BN approach uses a knowledge-based network of connections among the nodes. Each node represents a single model variable and each connection between the two nodes represents how the variables influence each other and the final pEC3 value. A training set of compounds is employed to estimate the influences among the model variables. Subsequently, the in vitro data and physico-chemical properties of the testing set are assigned to the input nodes and the probability distribution over pEC3 values is computed based on the established connections/influences among the variables.
Table 1 shows the prediction accuracy for SaferSkin™ as compared to the results published by Jaworska et al. The statistics of the original network are based on the published confusion matrix.

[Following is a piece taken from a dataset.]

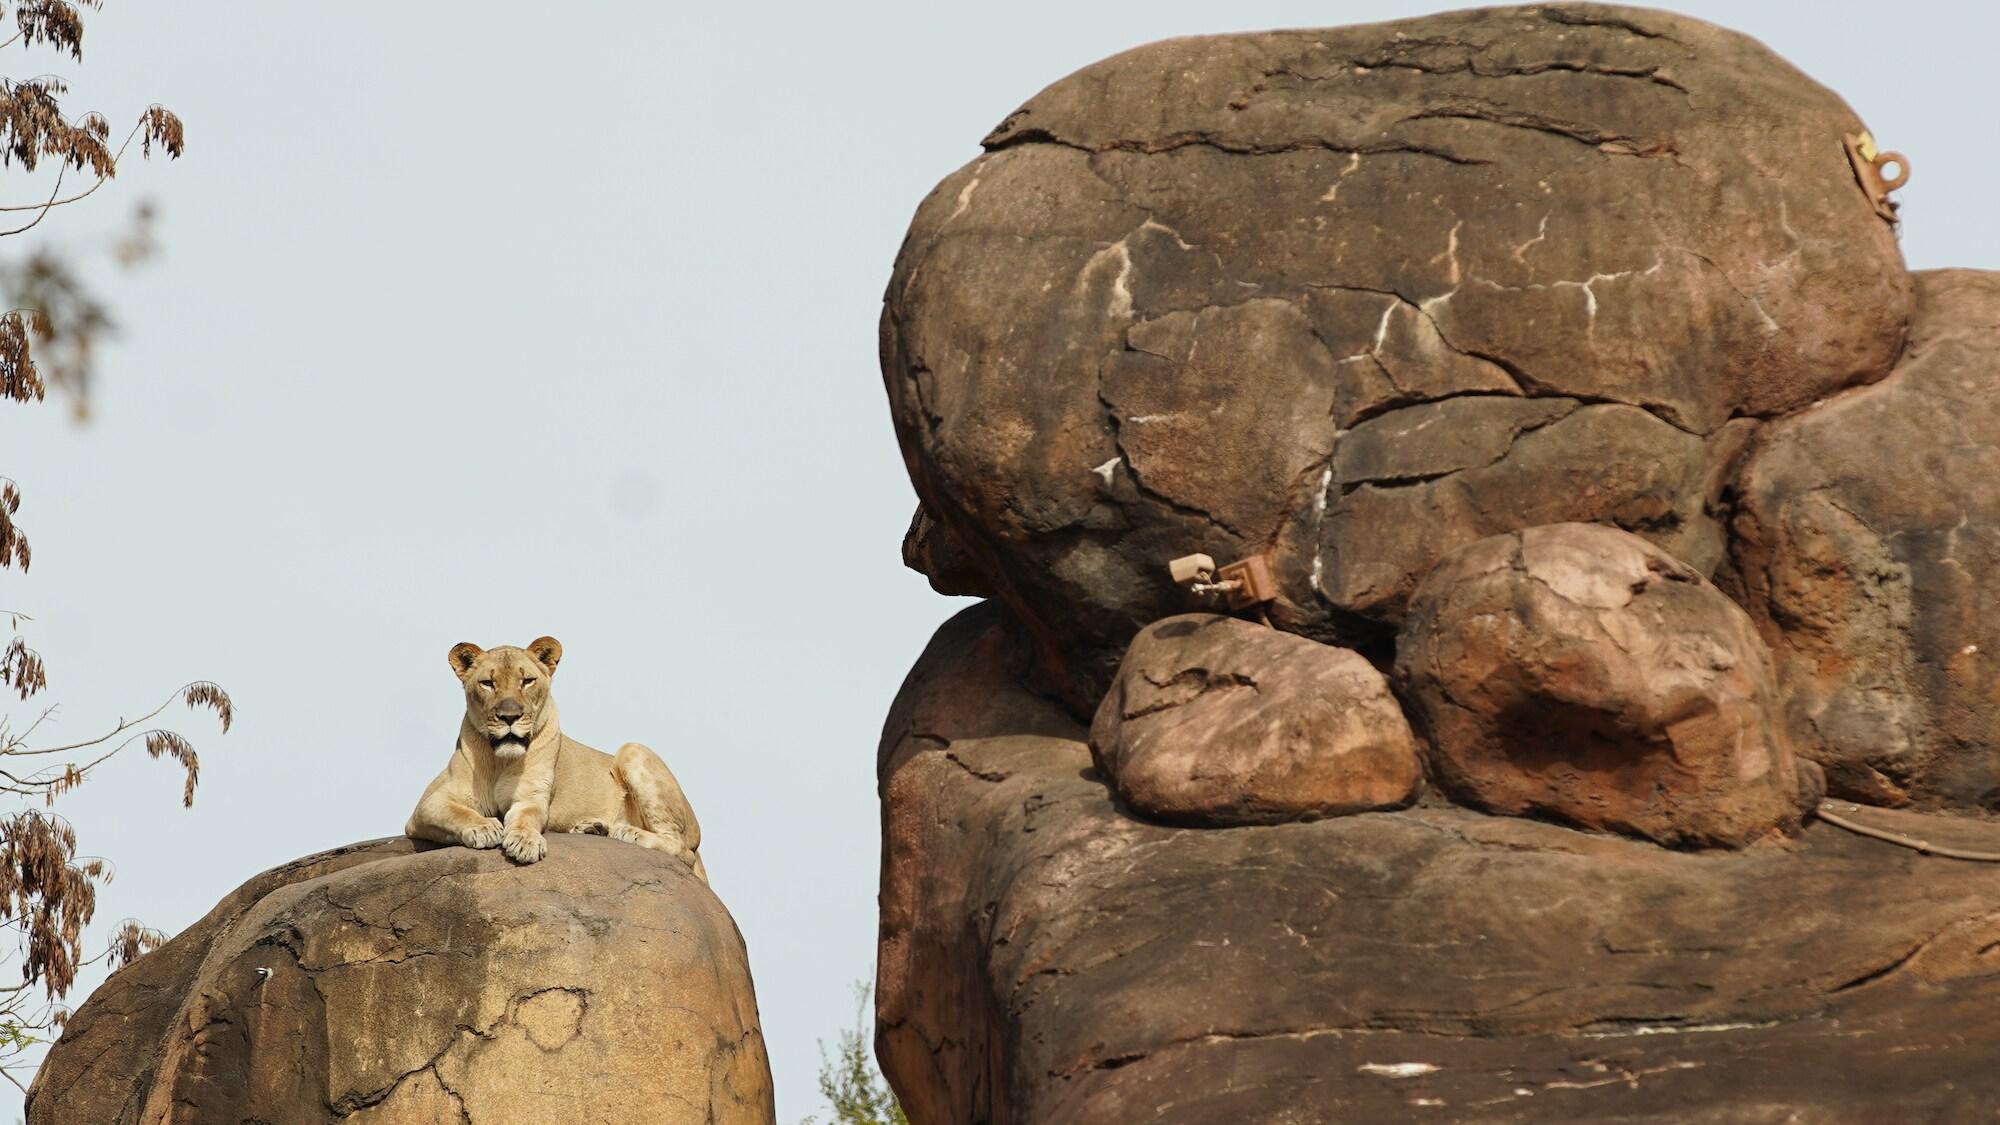 Kamari the lioness rests on the savannah at the Harambe Wildlife Reserve. (Disney)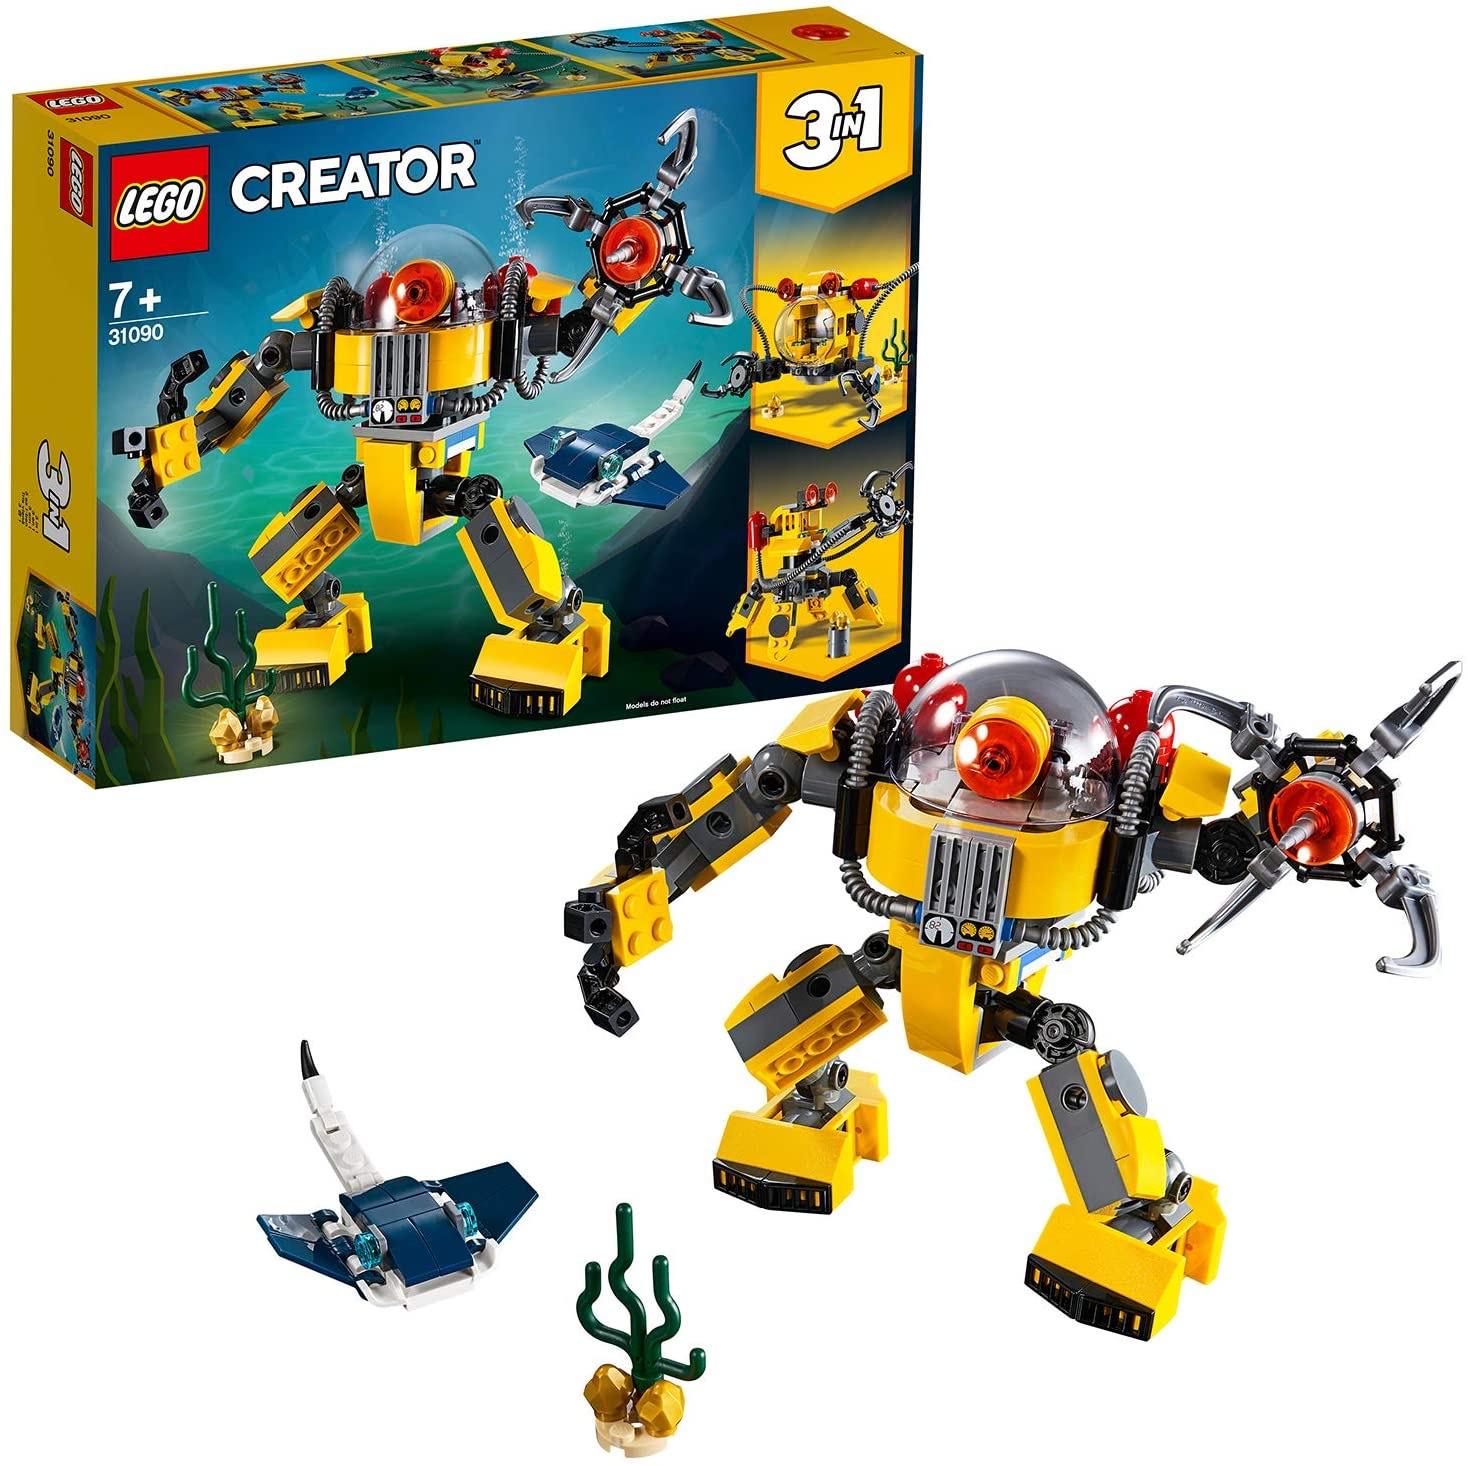 LEGO 31090 Underwater Robot - £7.20 @ Sainsbury's (High Wycombe)

Table 1 Calculated accuracy per pEC3 class for the original ITS-3 network in article as well as the reproduced Bayesian network.
| Class | Jaworska et al | SaferSkin™ |
|---|---|---|
| C1 | 92% | 95% |
| C2 | 82% | 77% |
| C3 | 70% | 68% |
| C4 | 72% | 79% |
| overall | 79.6% | 79.6% |
Advantages of the Bayesian network approach include:
- It tolerates missing information.
- It conveys a probabilistic hypothesis of skin sensitisation based on accumulated evidence from data.
- It assesses the uncertainty in prediction given the input data.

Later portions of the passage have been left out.